A Multi-Resolution Strategy to Study Mechanisms of αβ-tubulin dimer Biogenesis,
Microtubule polymerization Regulators, and Mitotic Motor proteins:
Microtubules are dynamic polymers that are critical for many physical transformations that eukaryotic cells undertake in order to undergo cell division, development or crawl and move. Microtubules assemble from basic building blocks, called alpha beta (αβ) tubulin dimers. Microtubule polarized polymerization and dynamic instability stem from properties of their building blocks, αβ-tubulin dimers, which polymerize head-to-tail to form protofilaments, using the energy of Guanosine 3,5 Triphosphate (GTP) binding and hydrolysis. These tubulin protofilaments associate laterally enclosing a tube-like structure — a microtubule. Tubulin polymerization activates GTP hydrolysis only within the microtubule wall and leads to stochastic events called catastrophes, in which protofilaments peel and curl to disassemble the microtubule structure. The dynamics of tubulin heterodimer assembly and disassembly into microtubules occurs at their ends, and are highly regulated by conserved types of proteins that are found in all organisms. These proteins, in effect, act as MT “Polymerases” and “Depolymerases” accelerating the slow processes of polymerization and depolymerization that tubulin dimers can undergo alone. The laboratory is focused on deciphering the mechanisms of these microtubule regulatory proteins and how they cooperate to regulate microtubule dynamics in highly synchronized cellular phenomena like cell division and development.
Microtubule structure and organization can be studied by multiple approaches that span a large resolution scale from micro-meters to the nanometers. Light microscopy can visualize microtubules in cells. High resolution total internal reflection fluorescence (TRIF) microscopy can be used to visualize the dynamics of microtubules in vitro and localization of regulatory proteins at their ends. Cryo-electron microscopy (Cryo-EM) can be used to visualize microtubule and tubulin structure. X-ray crystallography can be used to visualize the atomic structure of αβ-tubulins in complex with proteins. Our laboratory combines biochemical reconstitution, structural biology approaches such as cryo-electron microscopy and X-ray crystallography, with high-resolution single molecule total internal reflection fluorescence (TIRF) microscopy to study the mechanisms of Microtubule Polymerases, polymerization regulators, and mitotic motor proteins across multiple levels of spatial and temporal resolution.
Tubulin Biogenesis forms soluble αβ-tubulin pools and impacts Microtubule Function
Eukaryotic cells build concentrated pools of αβ-tubulin dimers in the cytoplasm through high levels of translation from stable α and β-tubulin mRNAs. The assembly of αβ-tubulin from the newly folded α-tubulins and β-tubulins is mediated by five tubulin cofactors and Arl2, which is an Arf-like GTPase. Four of these molecules form a multi-subunit assembly which mediates GTP dependent catalytic assembly of αβ-tubulin through a process termed αβ-tubulin biogenesis. Our laboratory has demonstrated the shared functions of four subunits as a multi-subunit catalytic chaperone that forms a platform for αβ-tubulin biogenesis. The regulation of soluble αβ-tubulins by this biogenesis assembly process assembles the concentrated pools of αβ-tubulin in the cytoplasm and directly impacts microtubule dynamic functions across eukaryotes.

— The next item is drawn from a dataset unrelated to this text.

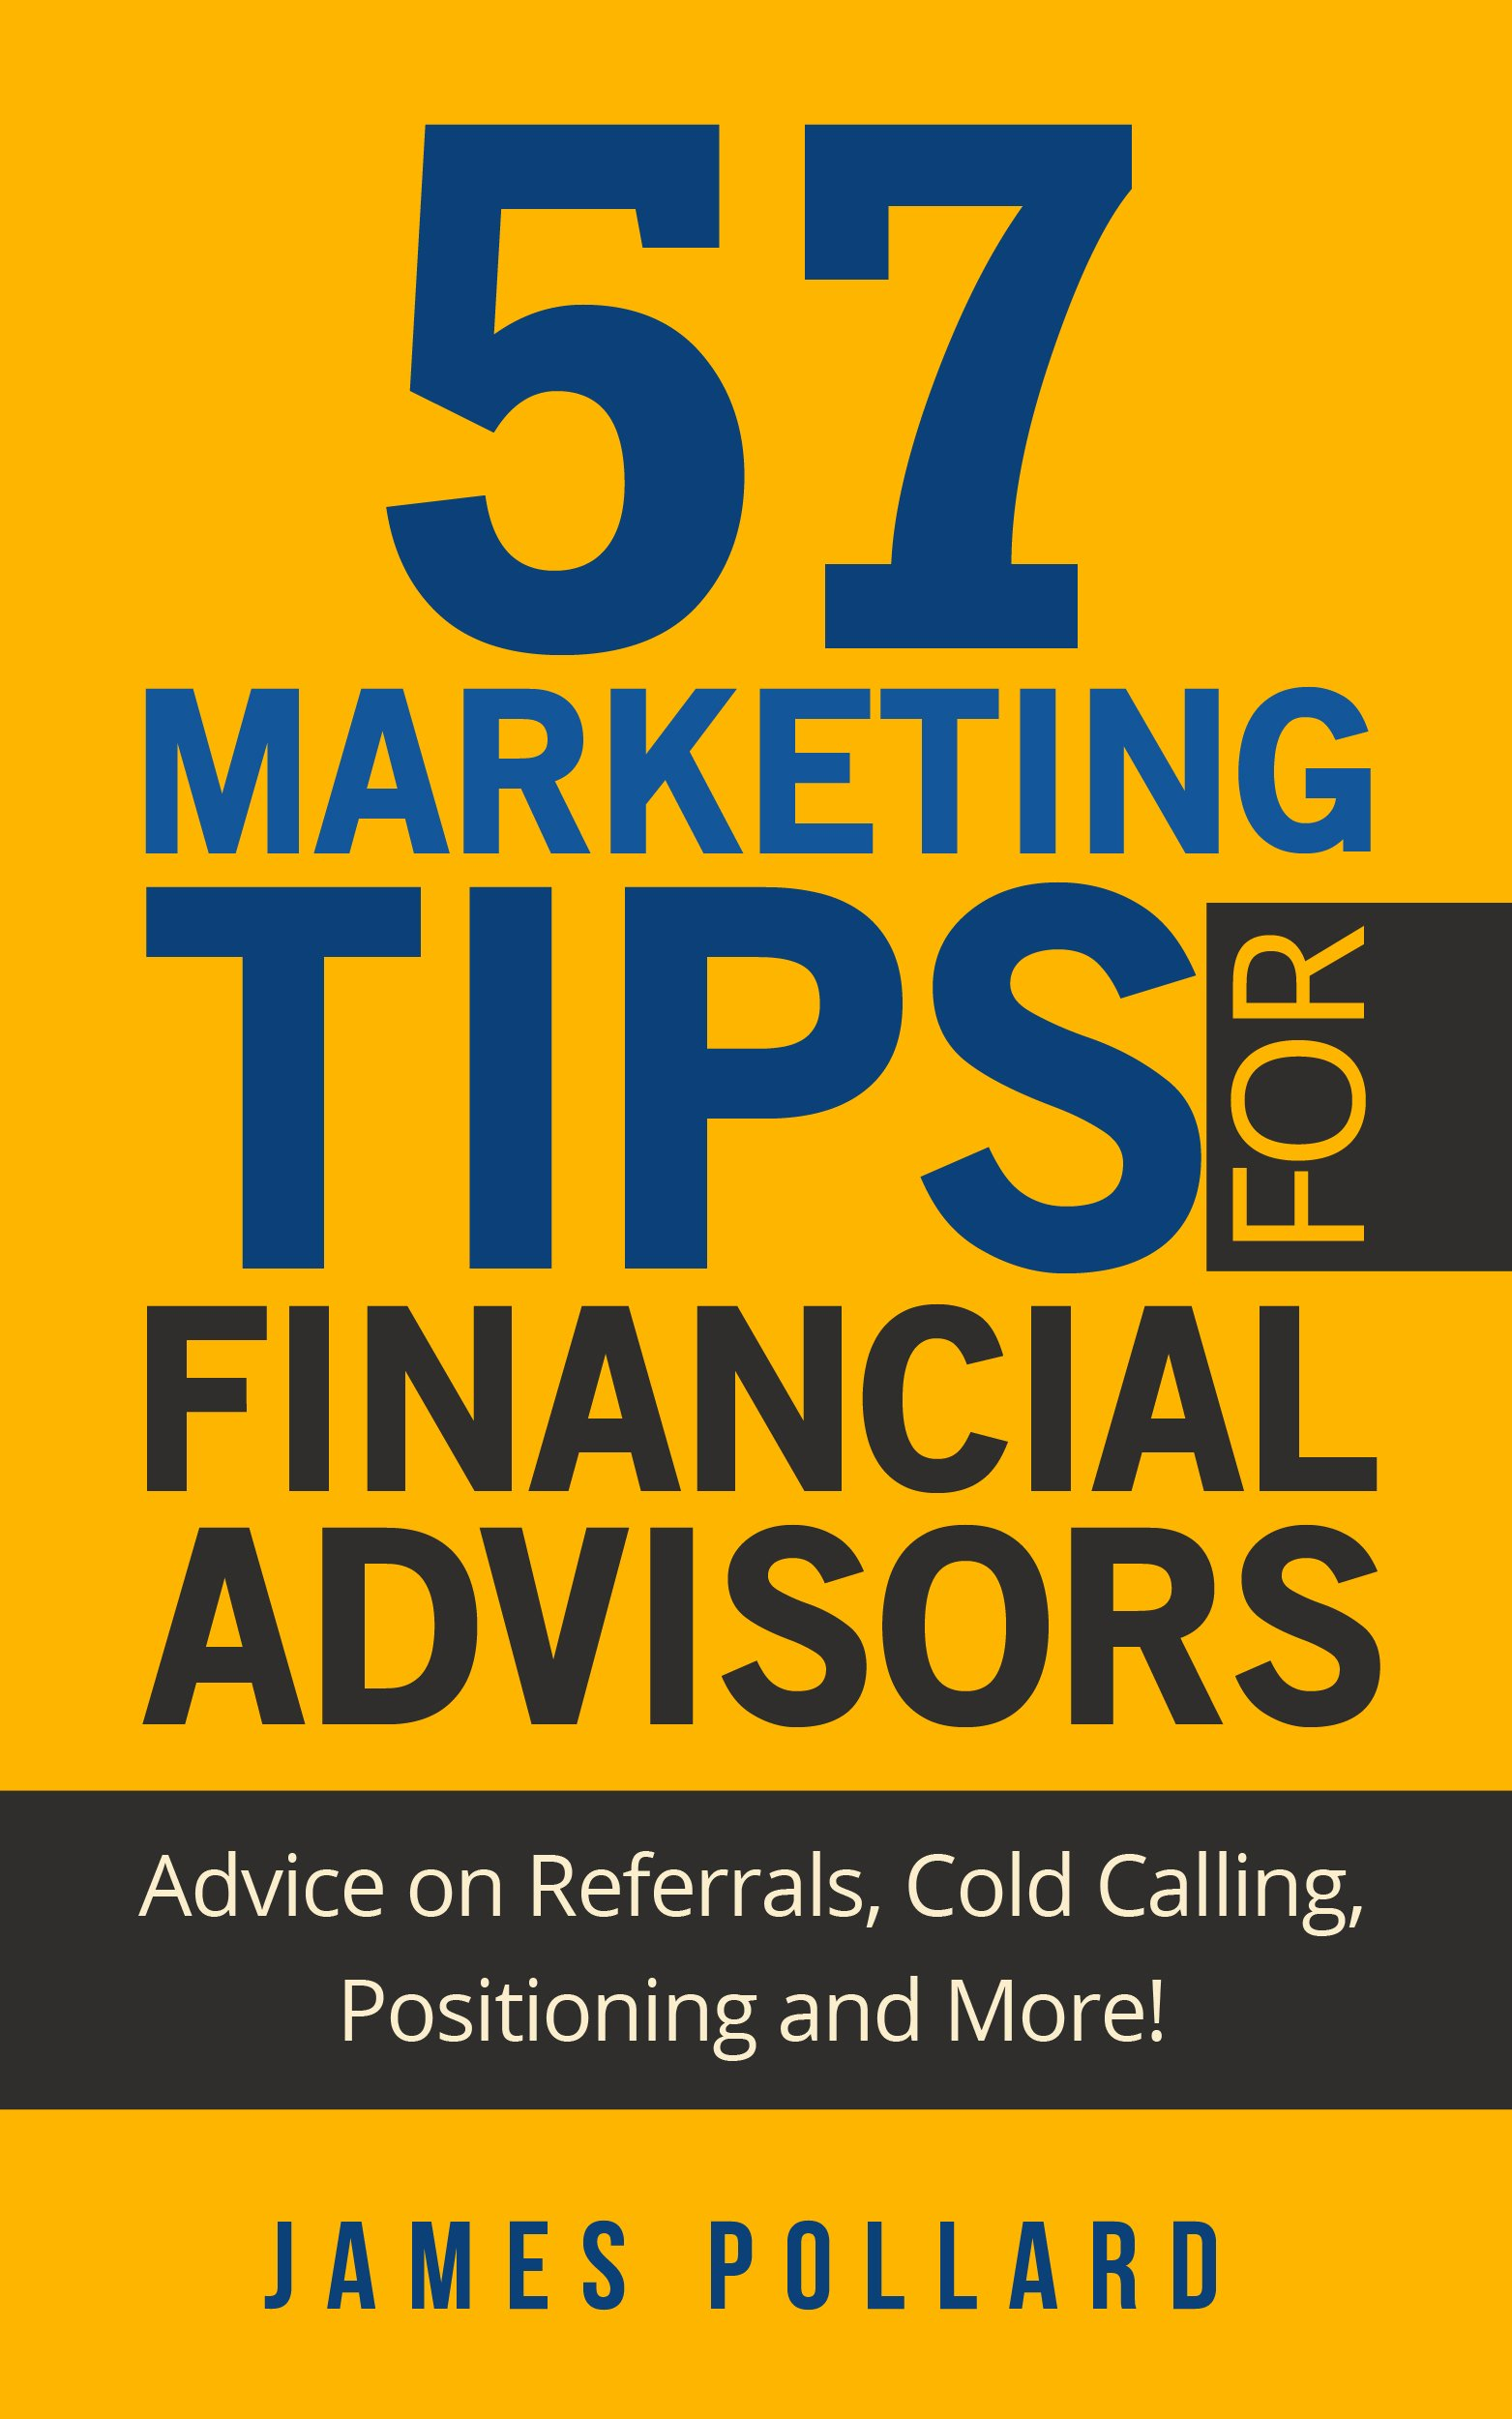 27 financial advisor marketing ideas strategies that work

Four classes of Regulators recruit αβ-tubulins via TOG domains to modulate microtubule dynamics
The dynamics polymerization and depolymerization of soluble αβ-tubulins into microtubules occurs at their ends. Although αβ-tubulin polymerization into microtubule ends is spontaneous in vitro, it is not spontaneous in living cells. Microtubule polymerization requires highly regulated by conserved regulators that are found in all eukaryotic organisms. These proteins, in effect, act as microtubule “Polymerases” to accelerate the slow processes of polymerization by recruiting αβ-tubulins to microtubule ends. These proteins share the presence of conserved arrays of Tumor Overexpressed Gene (TOG) domains. TOG domains recruit αβ-tubulins to microtubule ends and regulate microtubule polymerization. The laboratory is focused on deciphering the mechanisms of these microtubule regulatory proteins and how they cooperate to regulate microtubule dynamics in highly synchronized cellular phenomena like cell division and development
The Mitotic Kinesin-5 Motors are Bipolar Tetramers which mediate microtubule sliding
We are interested in understanding the mechanisms of kinesin-5 motors. These motors are unique tetrameric assemblies that mediate the sliding apart of microtubules leading to the bipolar organization of the mitotic spindles. Our laboratory has determined the structures of a major section of the bipolar mini-filament which lead to a unique model for how the the sliding apart of antiparallel microtubules. We also study the unique yeast Kinesin-5 motors which are mediate a unique reversal of direction towards microtubule minus ends as tetramers and reverse direction toward microtubule plus-ends as they assemble into higher oligomers leading to microtubule sliding.